Mass. Civil Service Commission rules fired East Longmeadow police officer was wrongly terminated

Officer Calcasola was reinstated after... a very confusing article detailing his civil service appeal that seems to suggest he was untruthful during his written report of an incident. However being untruthful is not grounds for dismissal because there's... no written policy? Did I read that right?


----------



## Bloodhound (May 20, 2010)

The hearing officer found that he was being truthful, but added that ELPD did not cite any policy that was violated as well.


----------



## Kilvinsky (Jan 15, 2007)

interesting. We all know what can happen when complaints/accusations are thrown at us. I'm glad he won. I've been on the receiving end of total fabrications and it's outrageous. Good for your Officer. Be good for a few years and fly under the radar so that they can't make up more stories against you or exaggerate and incident to epic proportions.


----------



## pahapoika (Nov 5, 2006)

Ah, good old-fashioned politics.

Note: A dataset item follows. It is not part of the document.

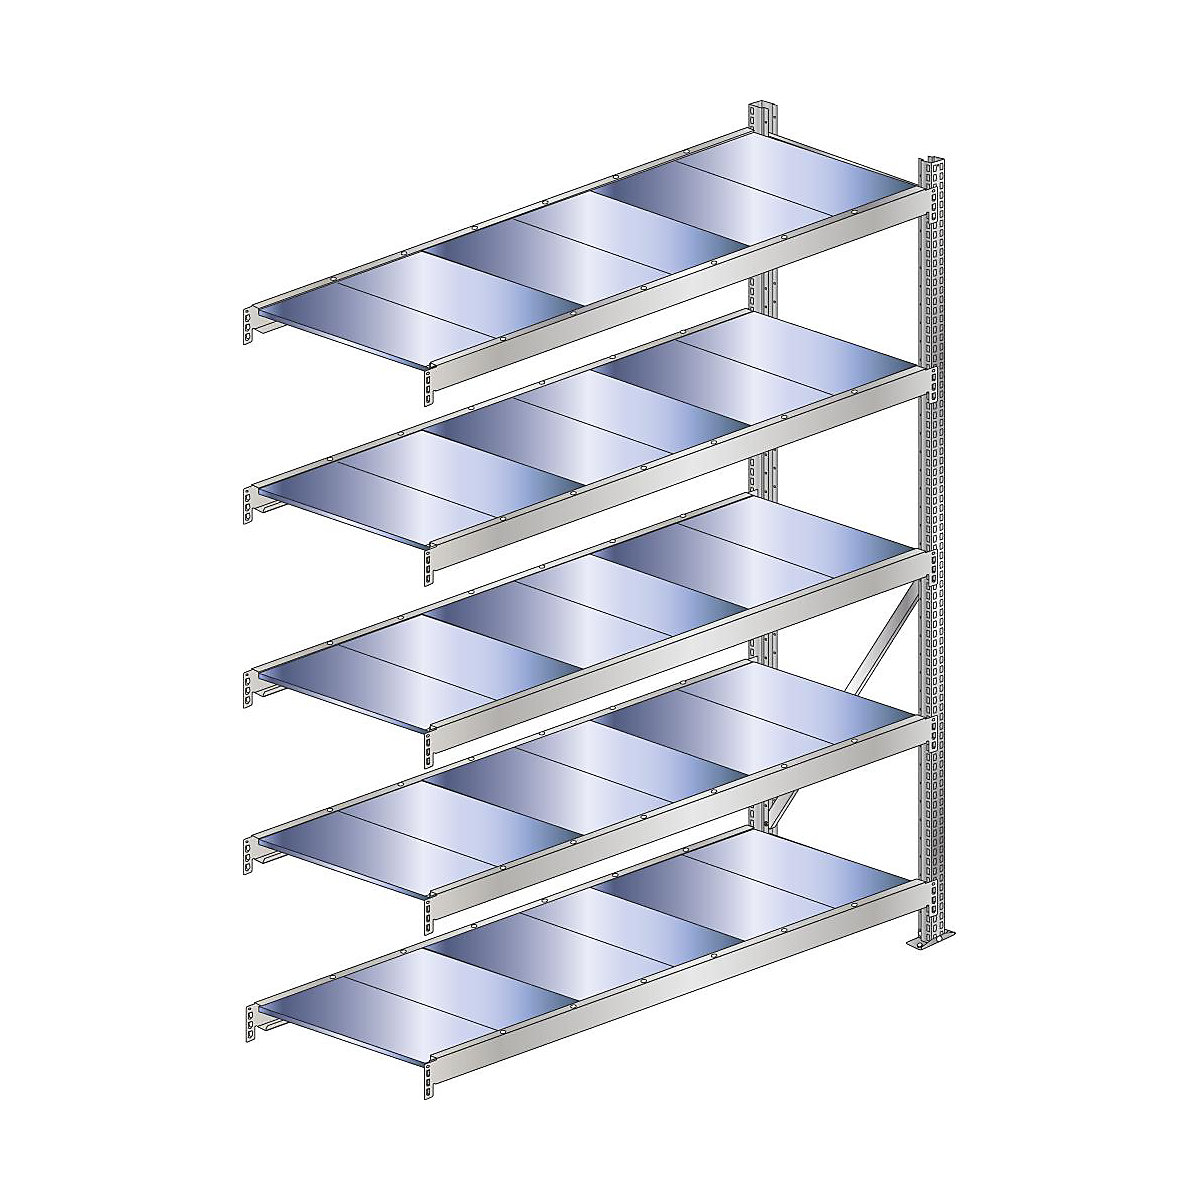 Wide span shelf unit, shelf load 500 kg – SCHULTE, shelf width 2500 mm, extension shelf unit, height 3000 mm, depth 500 mm

You can be the best officer in the world . If management has it out for you look out !

Congratulations to that gentleman getting his job back.


----------



## Kilvinsky (Jan 15, 2007)

pahapoika said:


> Ah, good old-fashioned politics. You can be the best officer in the world . If management has it out for you look out !
> 
> Congratulations to that gentleman getting his job back.


And sadly, there are managements out there that are vile, vindictive, vain, brutal, disgraceful, belligerent, and not nice.

And some of them aren't even attractive...inside OR out.


----------